I have questions for your film, set in the 1970’s that, oddly, borrows much of its visual style from music videos of the 1980’s…
Why didn’t you hire an actual editor to work on your film rather than, say, some Yes Man or Woman happy to defer to the whims of your self-indulgent director? You’re not remaking Lawrence of Arabia. It’s a fucking horror movie. Keep it under two hours. The “elevated” in the hipster douchebag term “elevated horror” is NOT a synonym for “elongated”. If you’re truly at a loss as to how to trim down your goddamn precious oeuvre, might I suggest starting with the 15 minute Old Man Walking montage.
Speaking of which – why not cast an old man to play an old man? I mean, sure, there’s probably some meaningful meta-commentary you’re trying to make about casting in today’s Hollywood, but you’re social posturing to the detriment of your film. Spend a little more money to ensure the bottom half of your faux “old man’s” face actually moves instead of looking like a latex mask.

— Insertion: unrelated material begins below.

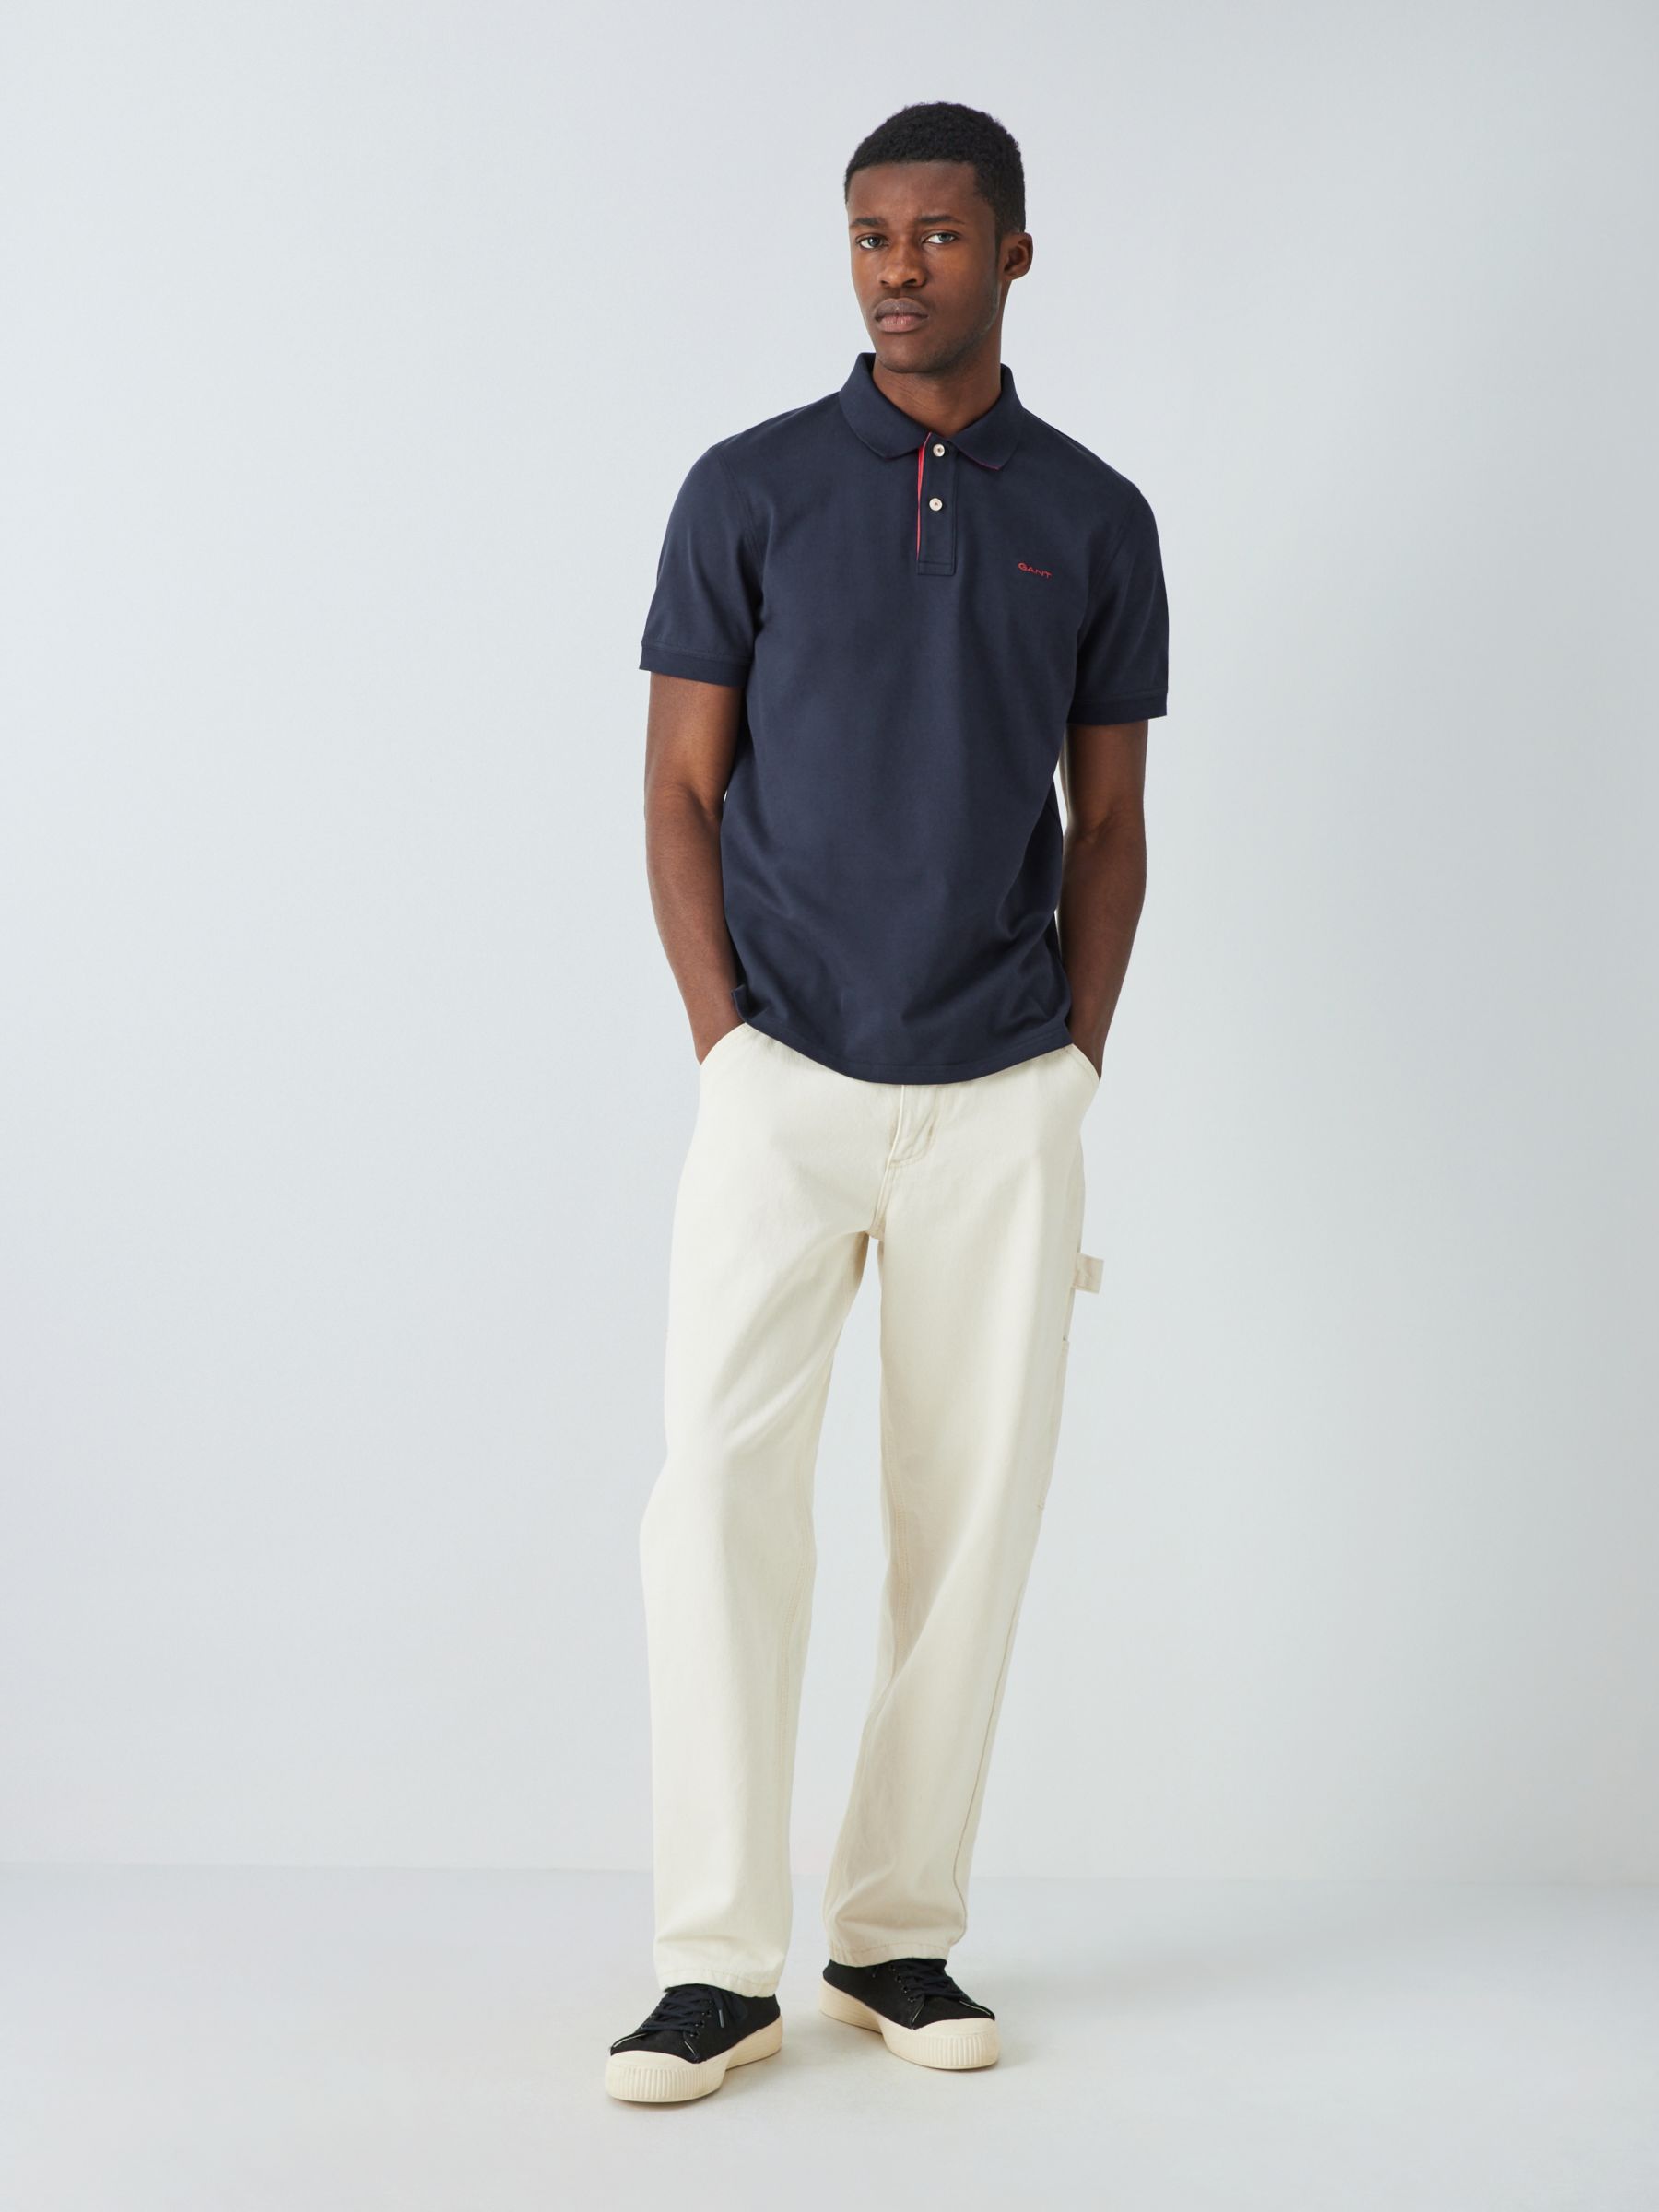 GANT Piqué Textured Short Sleeve Polo Shirt , Evening Blue, M

Was it your intention to specifically tailor your film to fans of Aranofsky’s Mother with a coincidental appreciation for arterial spray and exploding heads?
Shouldn’t a movie’s subplots somehow at some point in some small way tie into the main storyline? Consider this one more of a rhetorical question.
Aren’t horror movies supposed to be, y’know, scary? Sorry, this one’s rhetorical as well.